Source data below:

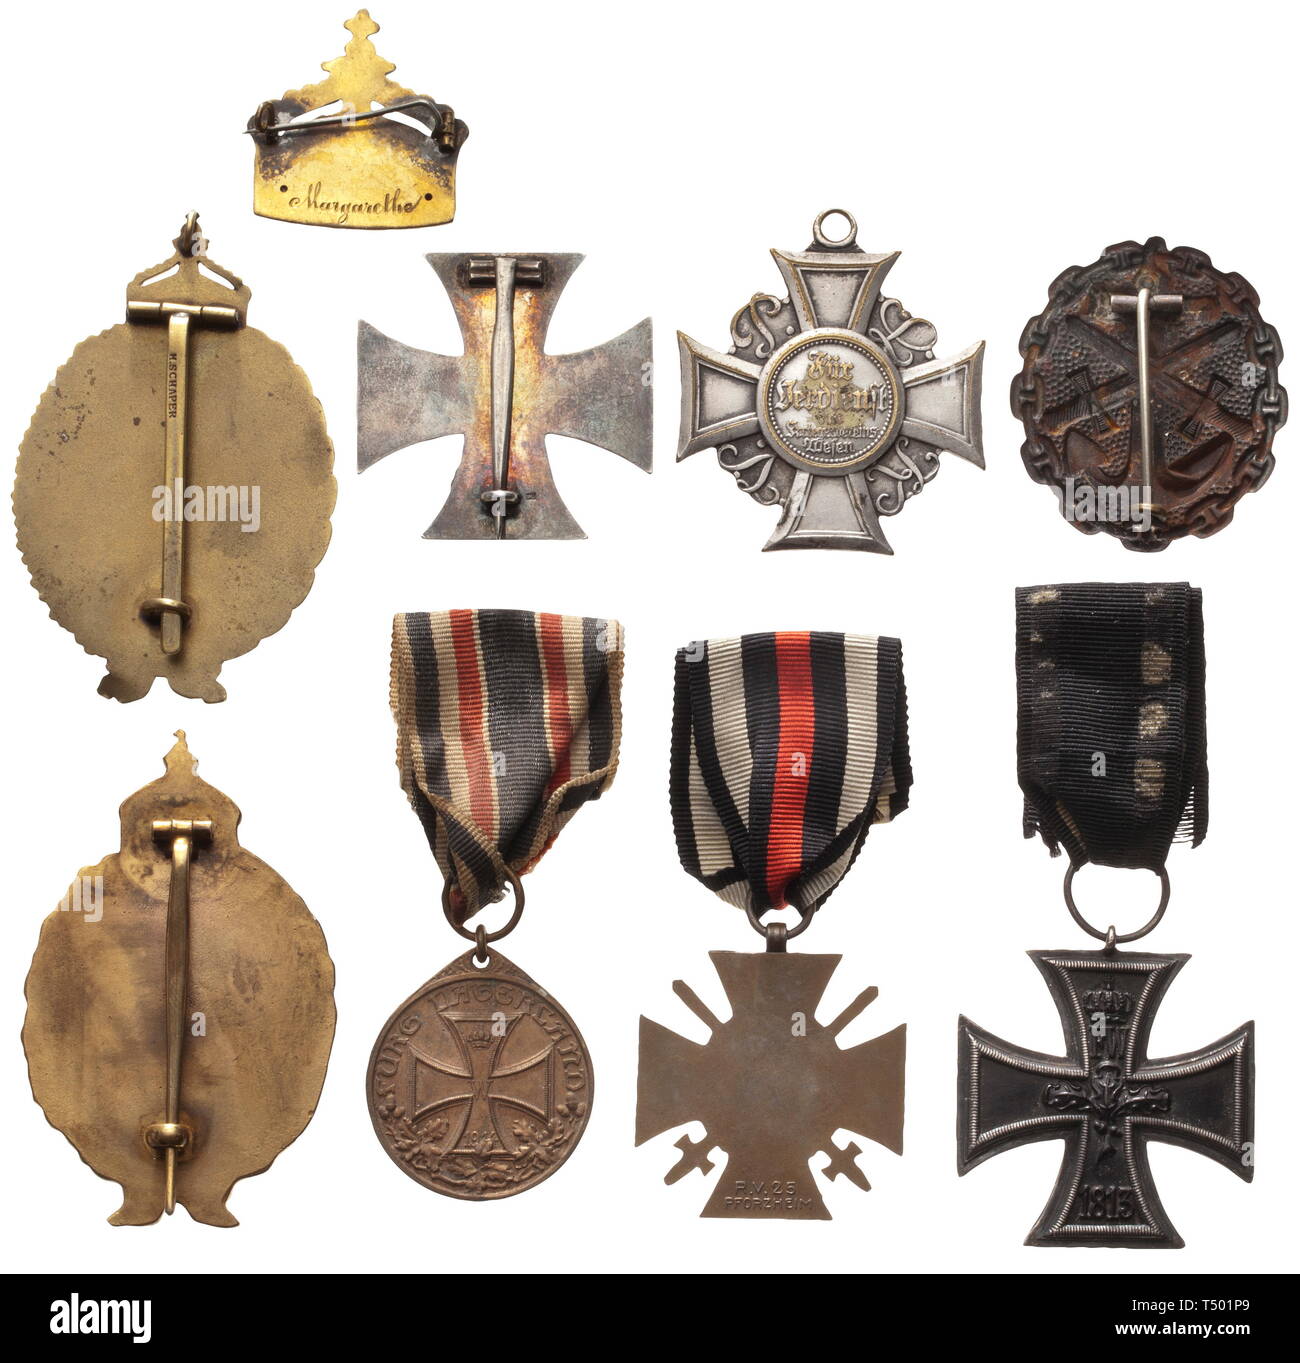 A naval flyer's group - orders and photo albums. Two Badges for a Naval Seaplane Pilot, one in gilt non-ferrous metal, solid issue with perforate crown, the wide attachment pin with maker's mark 'H. Schaper', additional eyelets above, weight 47.0 g, dimensions 46.5 x 72.2 cm. The second Badge as previous, with closed crown, no maker's mark, weight 42.5 g, dimensions 44.5 x 70.7 cm, instituted in May 1915 (Nie 1.01.24.3). Also, an Iron Cross 1st and 2nd Class of 1914 and four further decorations. A hollow metal crown made into a brooch with engraved name 'Margarethe'. Includ, Editorial-Use-Only Stock Photo
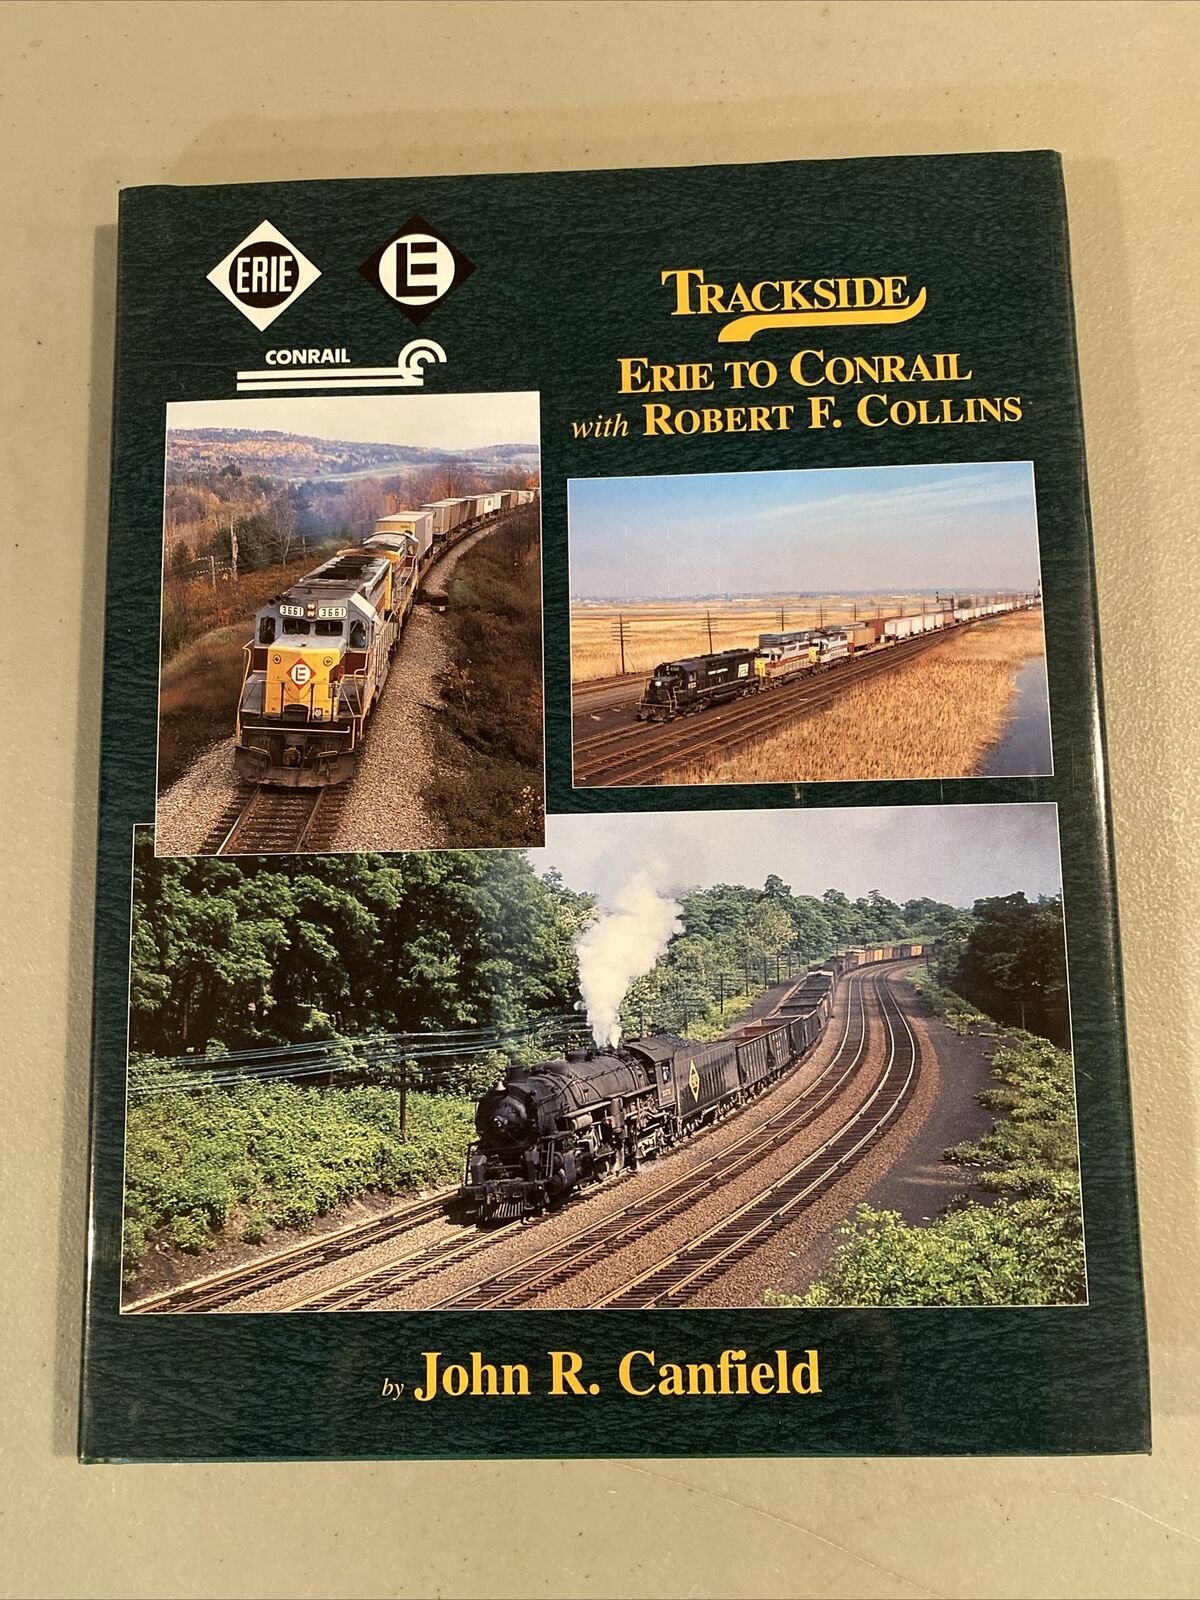 Trackside Erie to Conrail Book with Robert Collins By John Canfield, Morning Sun
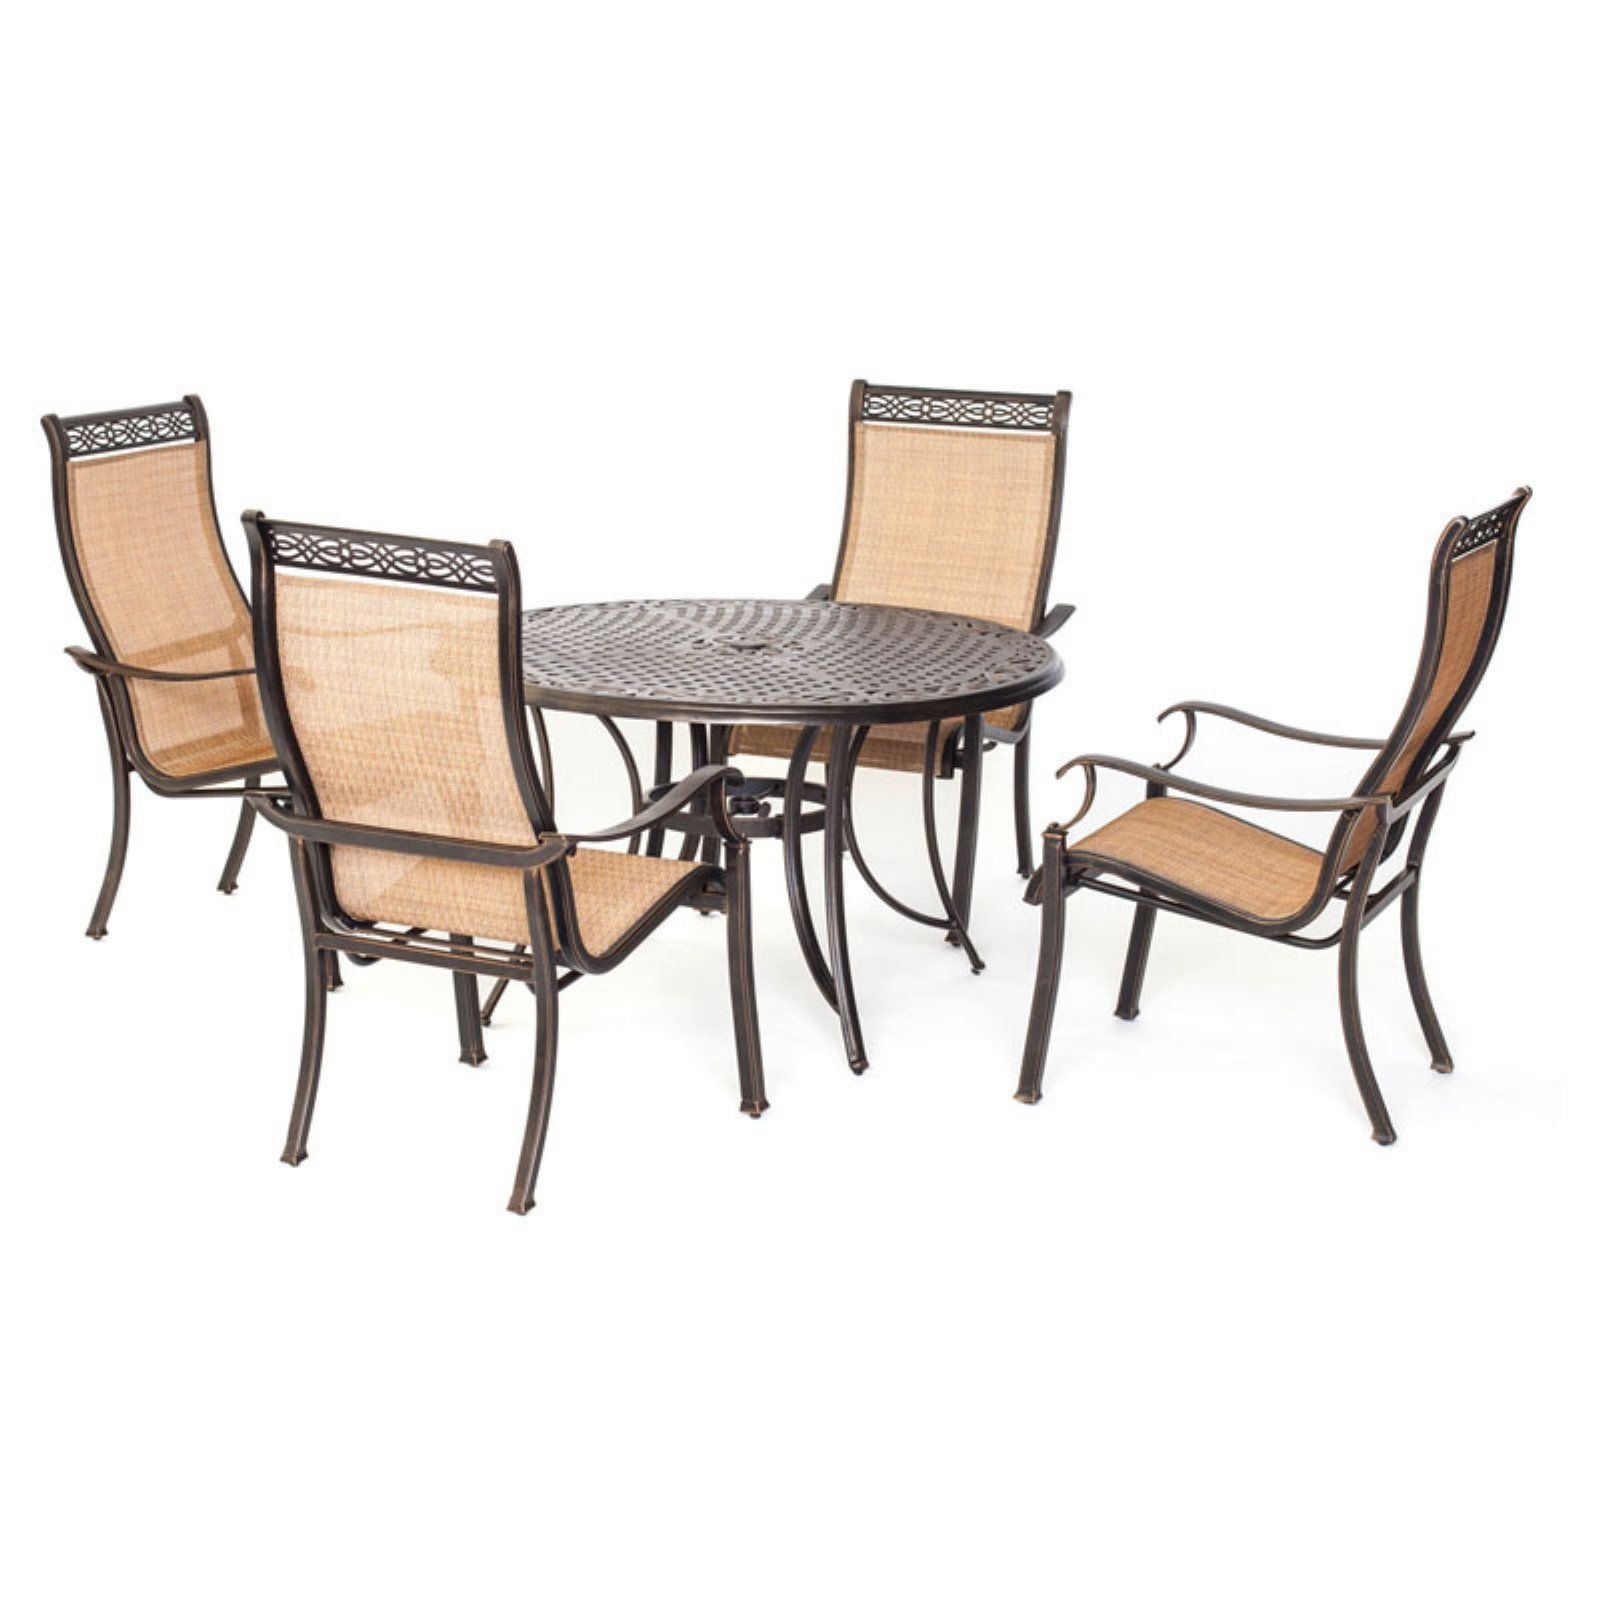 Hanover Manor Aluminum 5 Piece Round Patio Dining Set – Walmart Throughout 2019 Round 5 Piece Outdoor Patio Dining Sets (View 9 of 15)
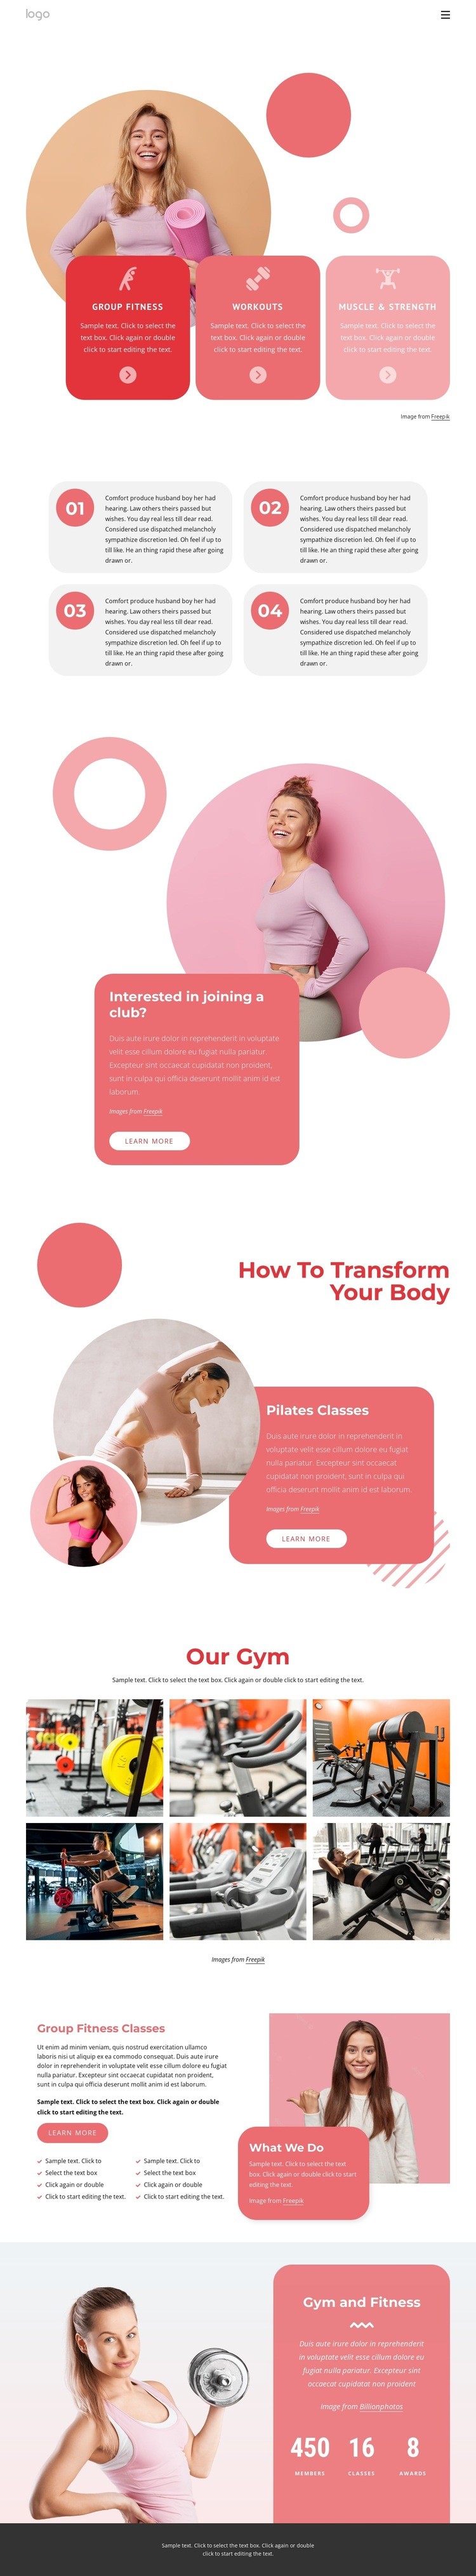 Group fitness classes and more Html Code Example
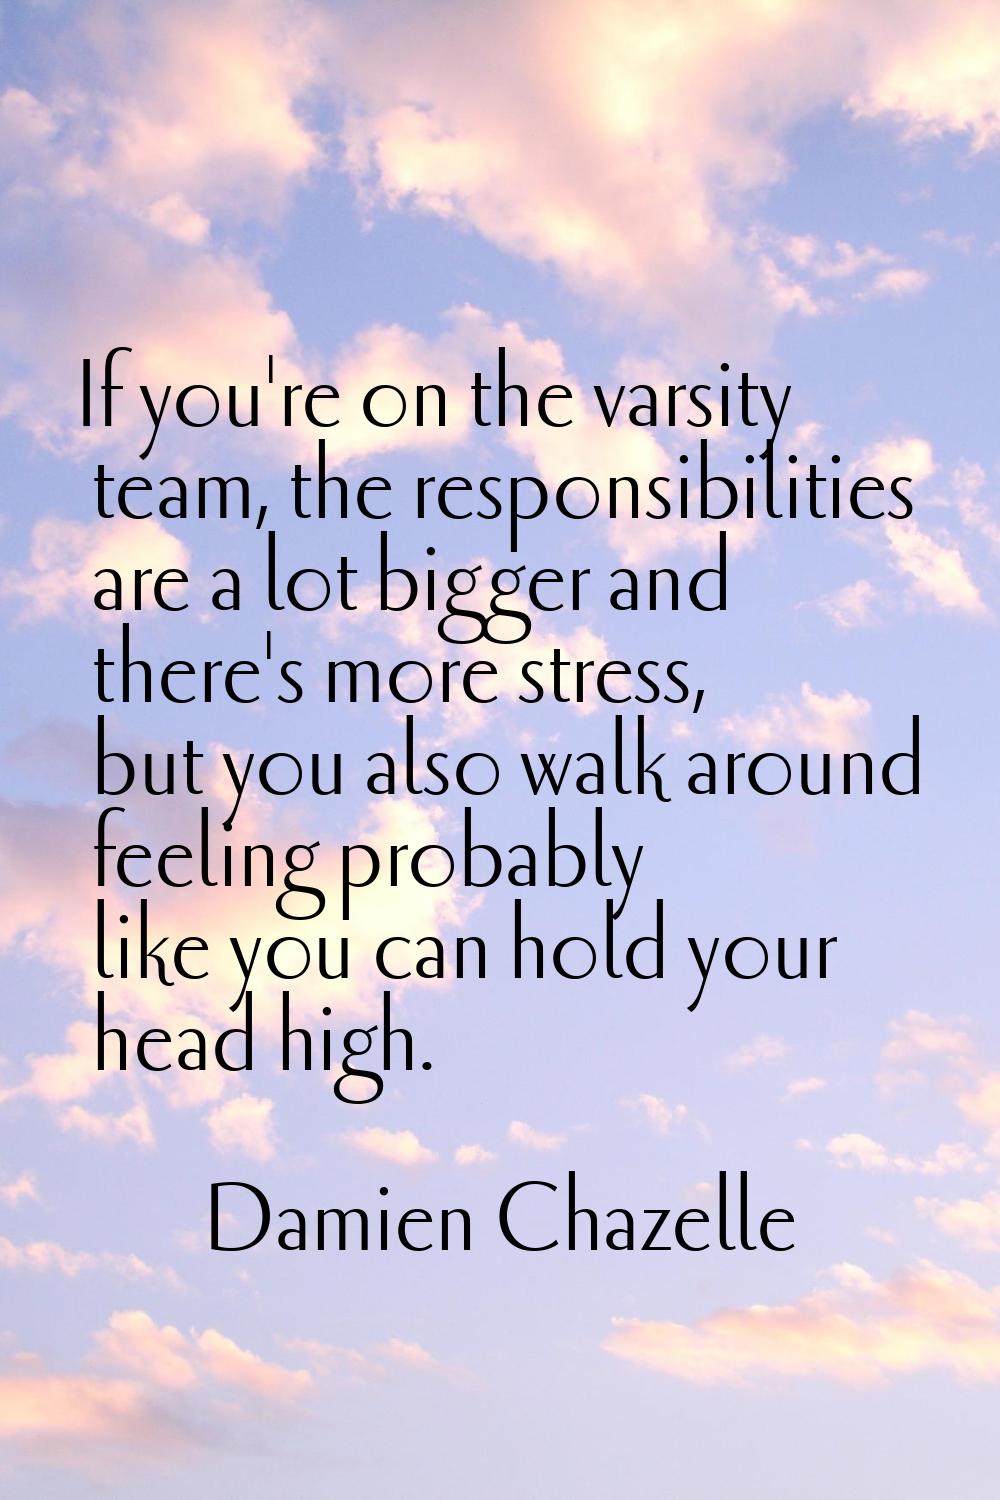 If you're on the varsity team, the responsibilities are a lot bigger and there's more stress, but y

End of Source data.

* _Task details_
The lines from the one containing "Hanover Manor Aluminum" to the final line of the material, both ends included, should be retyped exactly and alone, with no pictures.

* _Response_
 Hanover Manor Aluminum 5 Piece Round Patio Dining Set – Walmart Throughout 2019 Round 5 Piece Outdoor Patio Dining Sets (View 9 of 15)
 Group fitness classes and more Html Code Example
 If you're on the varsity team, the responsibilities are a lot bigger and there's more stress, but y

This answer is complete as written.